R: how to calculate the sensitivity and specificity of the rpart tree
library(rpart)
train <- data.frame(ClaimID = c(1,2,3,4,5,6,7,8,9,10),
RearEnd = c(TRUE, TRUE, TRUE, FALSE, FALSE, FALSE, FALSE, TRUE, TRUE, FALSE),
Whiplash = c(TRUE, TRUE, TRUE, TRUE, TRUE, FALSE, FALSE, FALSE, FALSE, TRUE),
Activity = factor(c("active", "very active", "very active", "inactive", "very inactive", "inactive", "very inactive", "active", "active", "very active"),
levels=c("very inactive", "inactive", "active", "very active"),
ordered=TRUE),
Fraud = c(FALSE, TRUE, TRUE, FALSE, FALSE, TRUE, TRUE, FALSE, FALSE, TRUE))
mytree <- rpart(Fraud ~ RearEnd + Whiplash + Activity, data = train, method = "class", minsplit = 2, minbucket = 1, cp=-1)
prp(mytree, type = 4, extra = 101, leaf.round = 0, fallen.leaves = TRUE,
varlen = 0, tweak = 1.2)
Then using printcp
I can see the results of the cross validation
> printcp(mytree)
Classification tree:
rpart(formula = Fraud ~ RearEnd + Whiplash + Activity, data = train,
method = "class", minsplit = 2, minbucket = 1, cp = -1)
Variables actually used in tree construction:
[1] Activity RearEnd Whiplash
Root node error: 5/10 = 0.5
n= 10
CP nsplit rel error xerror xstd
1 0.6 0 1.0 2.0 0.0
2 0.2 1 0.4 0.4 0.3
3 -1.0 3 0.0 0.4 0.3
So the root node error is 0.5 and I understand it is a misclassification error. But I'm having trouble calculating sensitivity (proportion of true positives) and specifics (proportion of true negatives). How can I calculate them based on the output rpart
?
(the above example is from http://gormanalysis.com/decision-trees-in-r-using-rpart/ )
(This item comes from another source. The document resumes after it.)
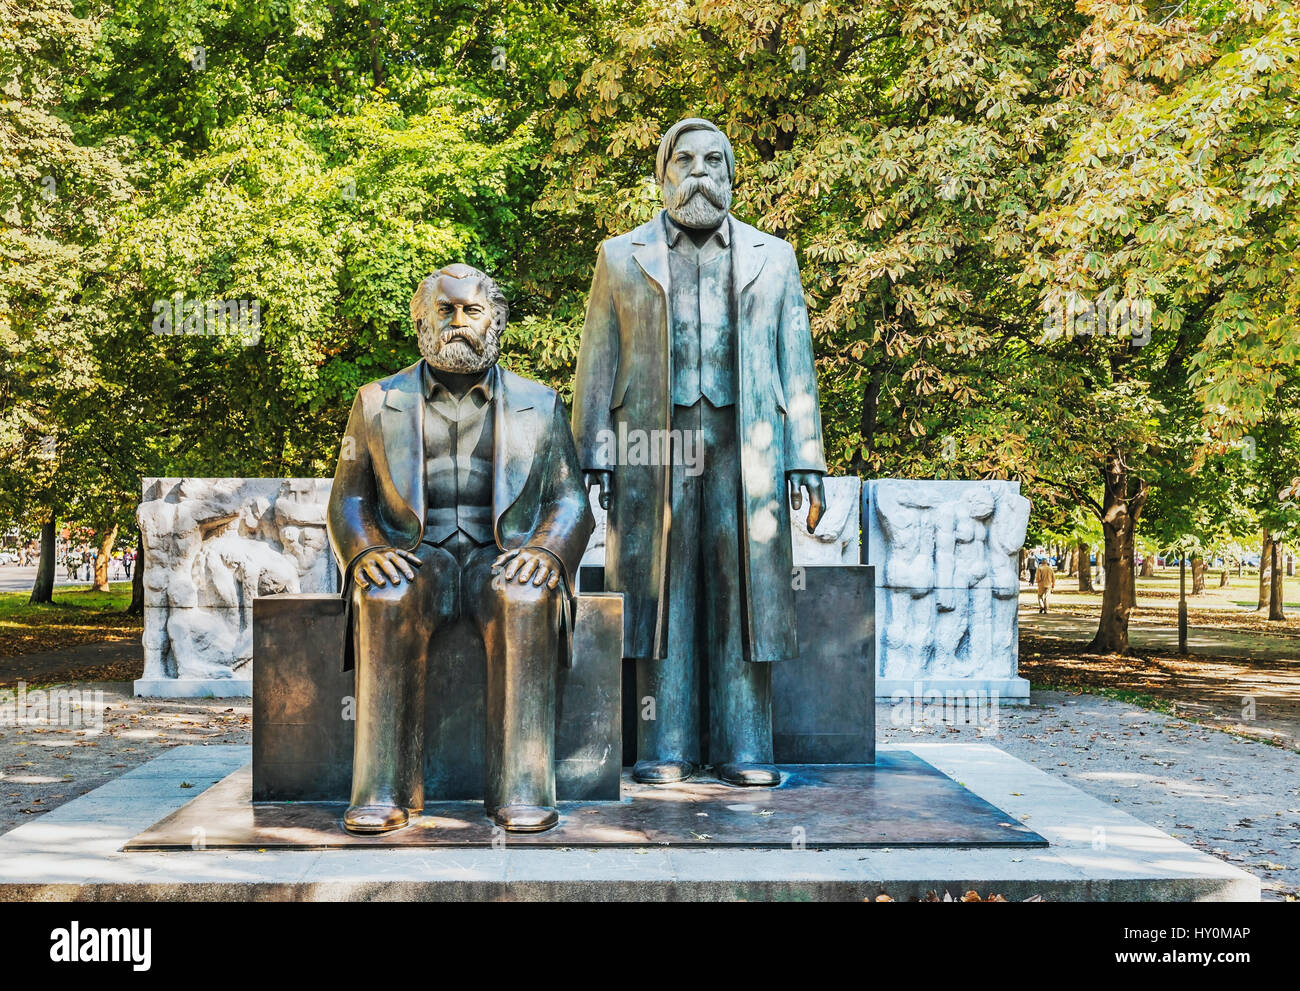 Le monument de Karl Marx et Friedrich Engels est situé dans le Berlin, Germany, Europe Banque D'Images
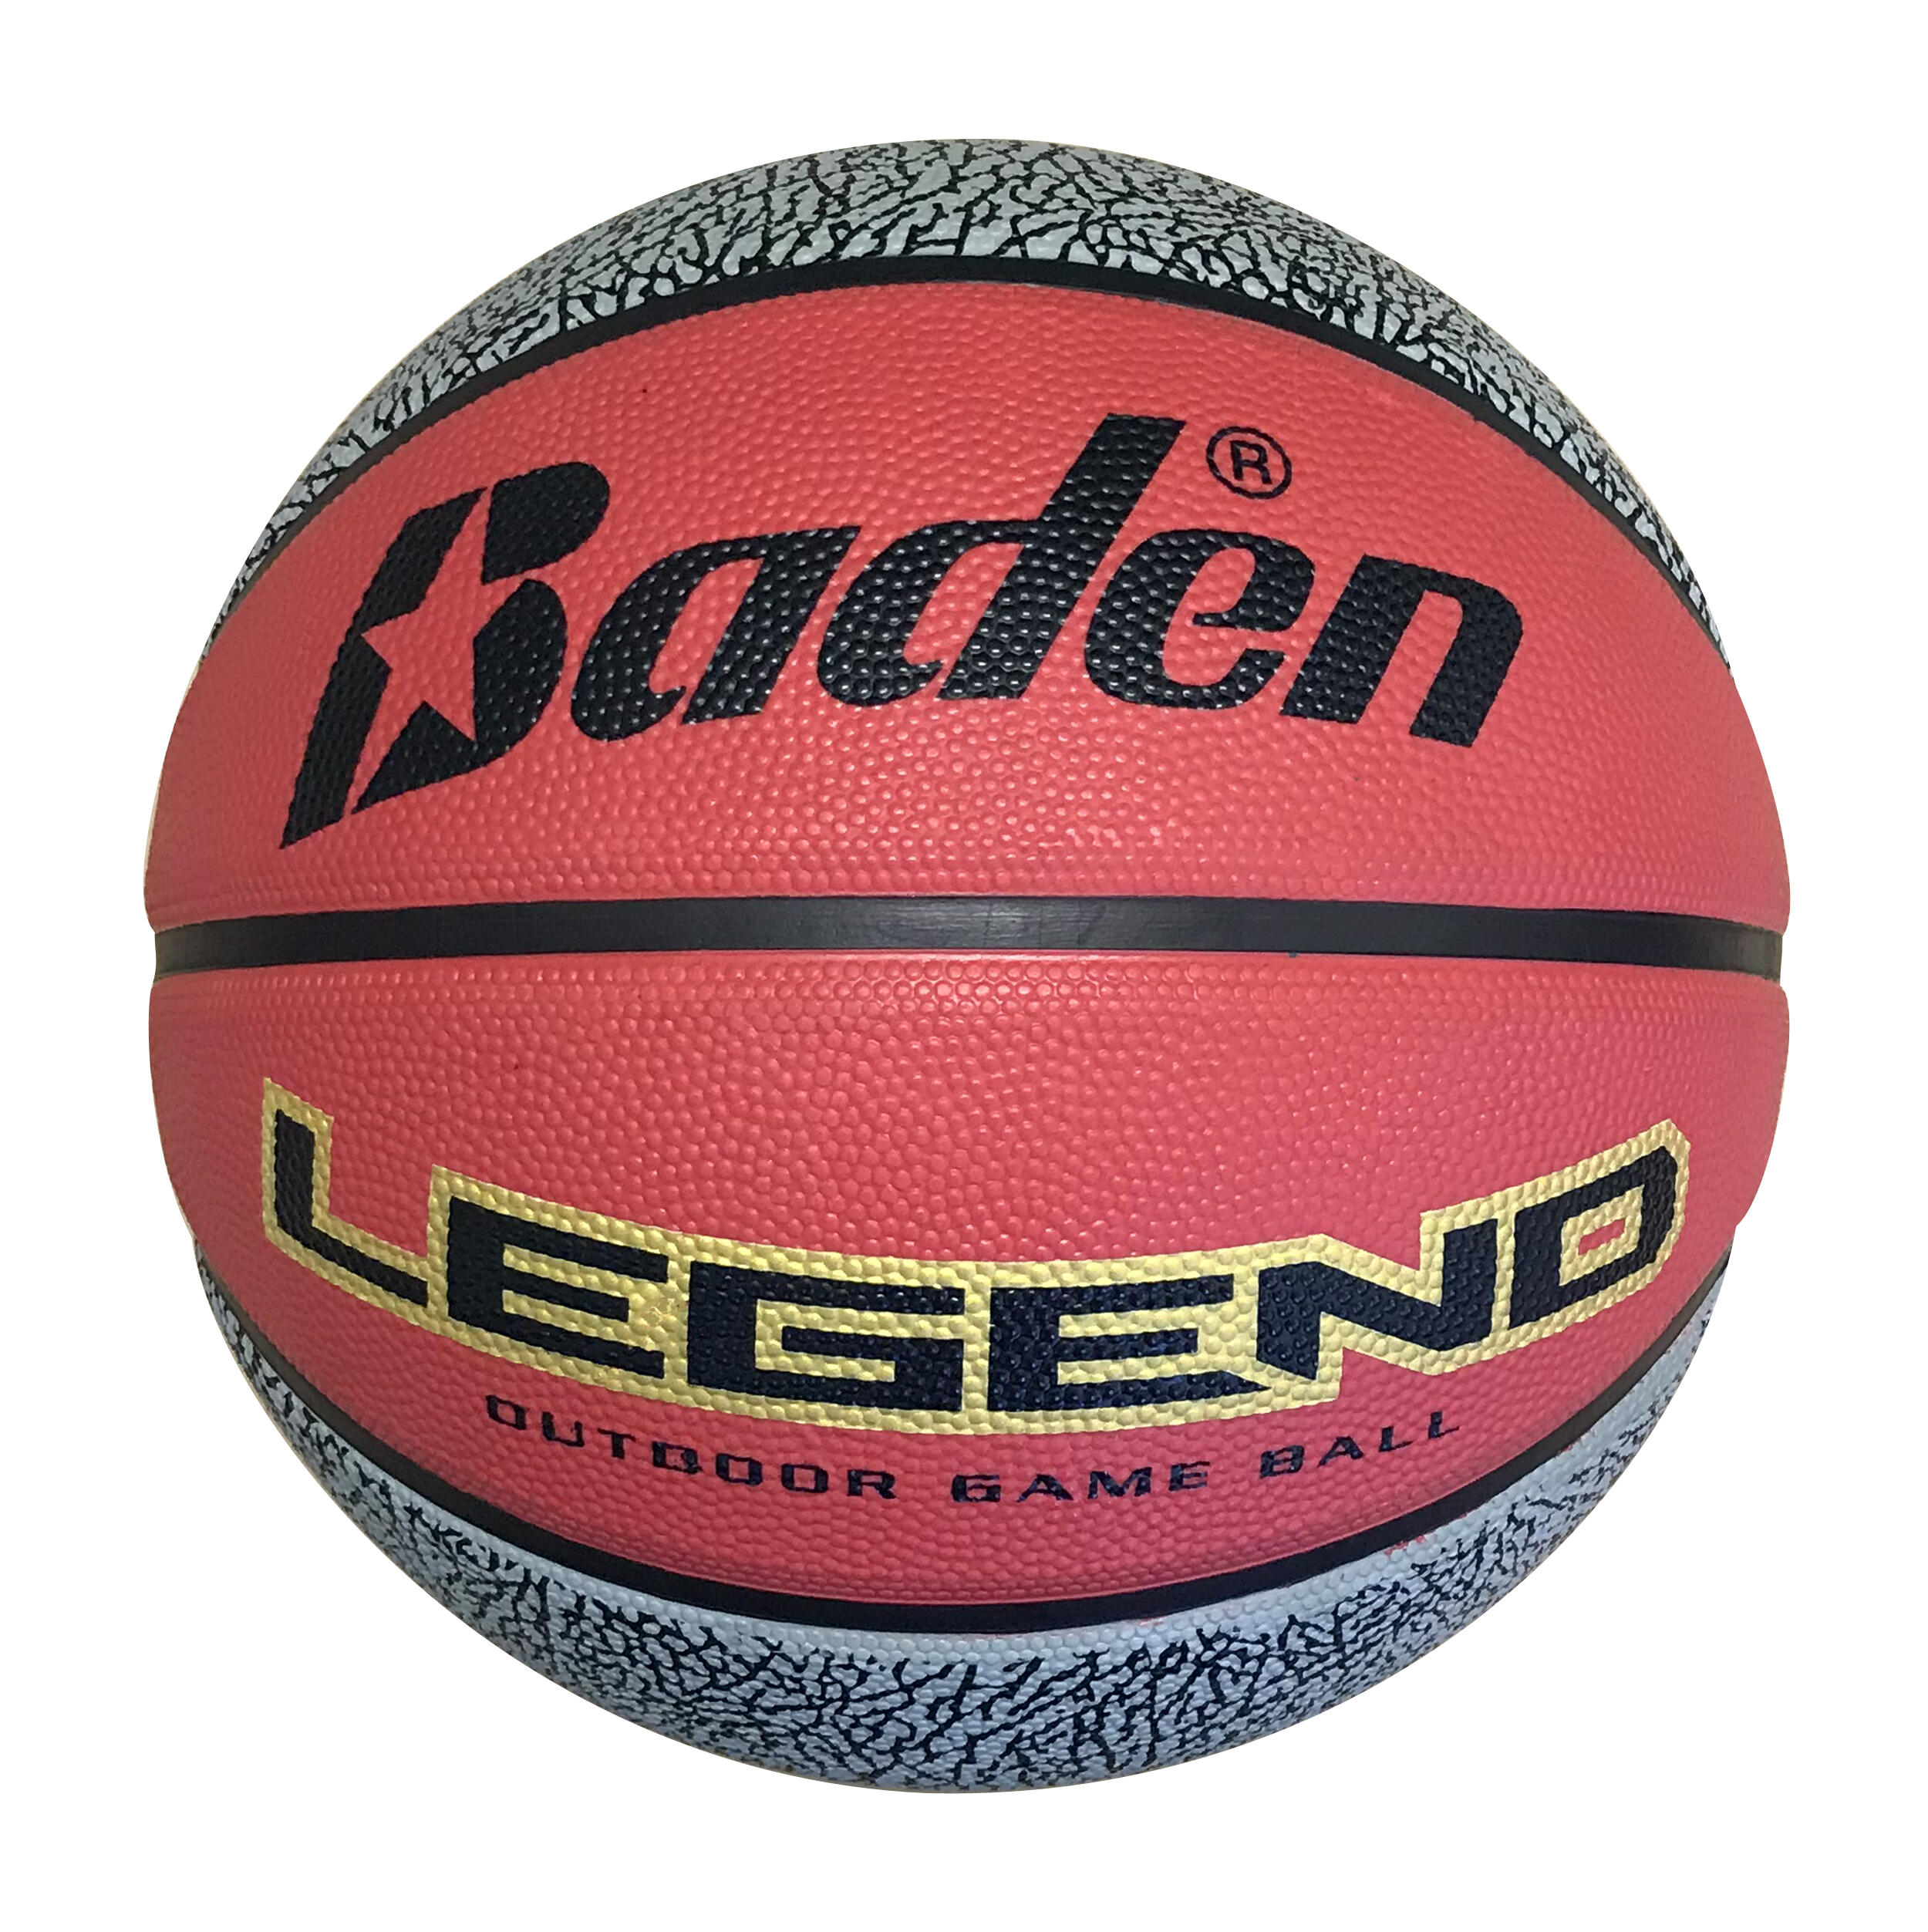 Baden Legend Size 7 Basketball - Red / Black 1/5

You can use a package caret
for this:
Data:
library(rpart)
train <- data.frame(ClaimID = c(1,2,3,4,5,6,7,8,9,10),
RearEnd = c(TRUE, TRUE, TRUE, FALSE, FALSE, FALSE, FALSE, TRUE, TRUE, FALSE),
Whiplash = c(TRUE, TRUE, TRUE, TRUE, TRUE, FALSE, FALSE, FALSE, FALSE, TRUE),
Activity = factor(c("active", "very active", "very active", "inactive", "very inactive", "inactive", "very inactive", "active", "active", "very active"),
levels=c("very inactive", "inactive", "active", "very active"),
ordered=TRUE),
Fraud = c(FALSE, TRUE, TRUE, FALSE, FALSE, TRUE, TRUE, FALSE, FALSE, TRUE))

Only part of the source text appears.